Over the course of his almost 40-year career, guitarist and vocalist Coco Montoya's explosive guitar playing and soul-driven voice have propelled him to the upper reaches of the blues-rock world. From his early days as a drummer to his current status as one of the top-drawing guitarists and vocalists on the blues-rock scene, Montoya has forged his reputation through years of hard work and constant touring. And it all started with a chance meeting in the mid-1970s with legendary bluesman Albert Collins, who offered Montoya a gig as his drummer. Collins took an immediate liking to Montoya, becoming his mentor and teaching his new protege secrets of the Collins "icy hot" style of blues guitar. Five years later, John Mayall happened to catch Montoya at a jam session and was blown away. As a result, Montoya spent 10 years touring the world with the legendary Bluesbreakers.
After three records with Mayall as a member of the Bluesbreakers, Montoya decided in 1993 it was time to take the lessons from his two musical fathers and begin to sculpt a solo career. In the early '90s he signed to Blind Pig Records and released three critically acclaimed discs, Gotta Mind To Travel (1995), Ya Think I'd Know Better (1996), and Just Let Go (1997). In the middle of his Blind Pig days, he also received national recognition when he was named the Blues Foundation's Best New Blue Artist at the 1996 Blues Music Awards. In 2000, he took his music up a notch and signed with Alligator Records, the country's top blues label. In his seven years with Alligator, Montoya released three more outstanding records: Suspicion (2000), Can't Look Back (2002), and Dirty Deal (2007).
Today, in 2013, Montoya has found a new home in the old world. Europe's premier blues label, Ruf Records, signed the guitar giant in the late '00s and is poised to bring his sound to a worldwide audience. As Billboard put it, "In a world of blues guitar pretenders, Coco Montoya is the real McCoy. Be prepared to get scorched."
With a career that spans over three decades, John Hammond is one of handful of white blues musicians who was on the scene at the beginning of the first blues renaissance of the mid-'60s. Some critics have described him as a white Robert Johnson, and Hammond does justice to classic blues by combining powerful guitar and harmonica playing with expressive vocals and a dignified stage presence. Within the first decade of his career as a performer, Hammond began crafting a niche for himself that is completely his own: the solo guitar man, harmonica slung in a rack around his neck, reinterpreting classic blues songs from the 1930s, '40s, and '50s.

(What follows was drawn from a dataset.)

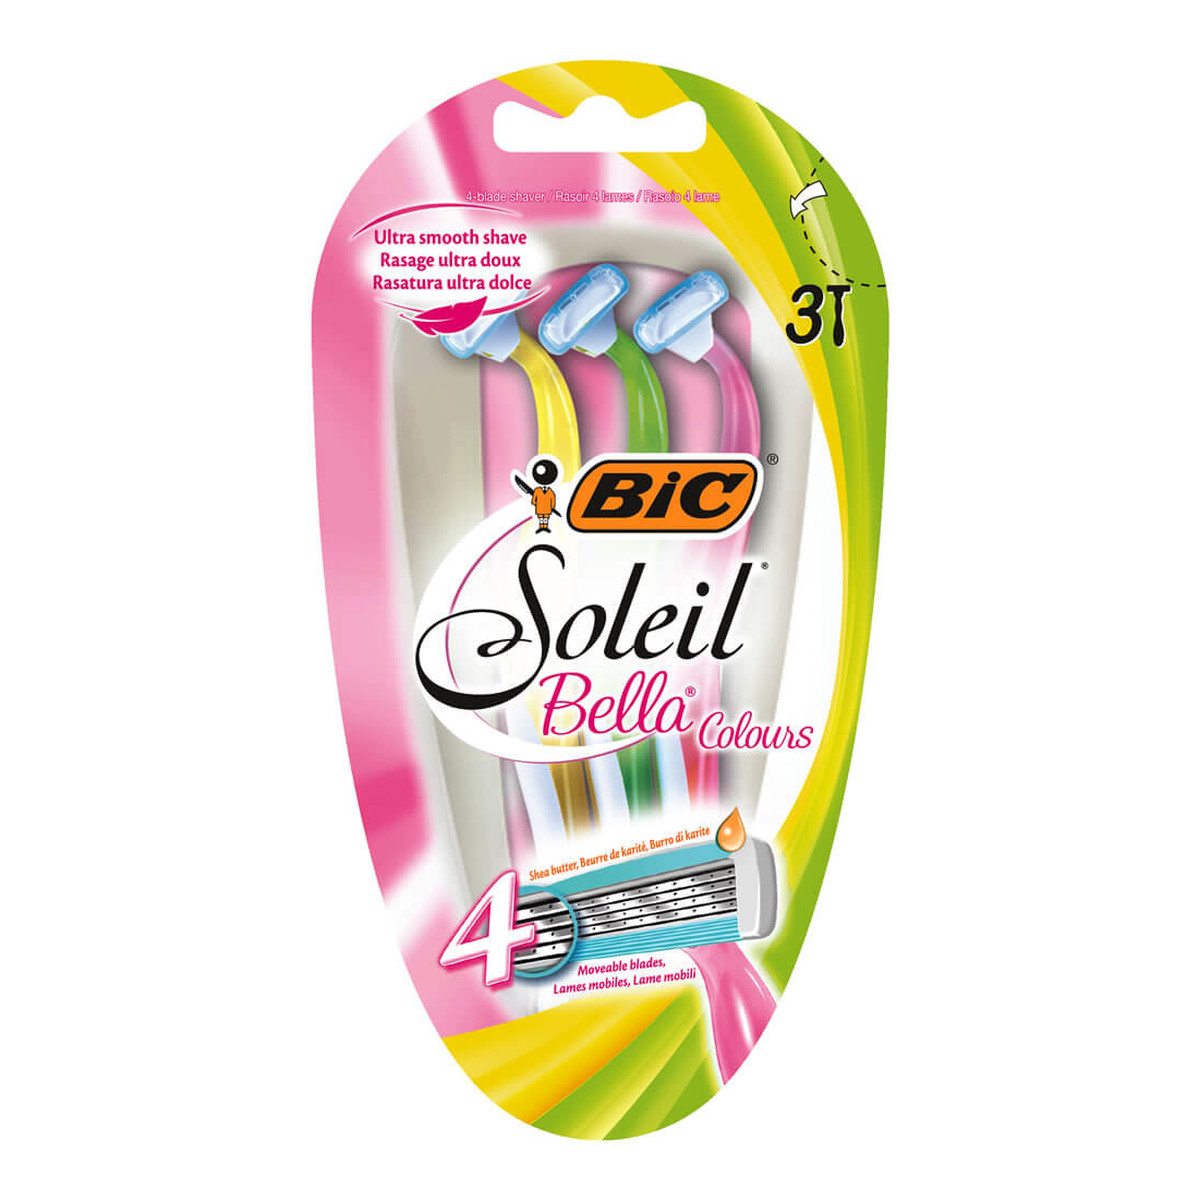 Bic Soleil Bella Colours maszynka do golenia dla kobiet 3 szt.

As with Dr. John and other blues musicians who've recorded more than two dozen albums, there are many great recordings that provide a good introduction to the man's body of work. Gems from his extensive catalogue include I Can Tell (1967), Southern Fried (1968), Source Point (1970), and selections from his recent string of albums for Pointblank/Virgin Records, including Got Love if You Want It (1992) and Found True Love (1996). Of course, his self-titled 1964 debut for Vanguard is peerless as well. In many ways, Hammond's most recent release, Rough & Tumble (2009), harkens back to that first recording Vanguard recording from almost 50 years ago. Over time, Hammond has become a force of nature onto himself - his guitar playing has become stronger, and the passing years have deepened his expression. Whether listening to Hammond on record or seeing him perform live, one still gets the sense that some of the best is still to come from this energetic bluesman.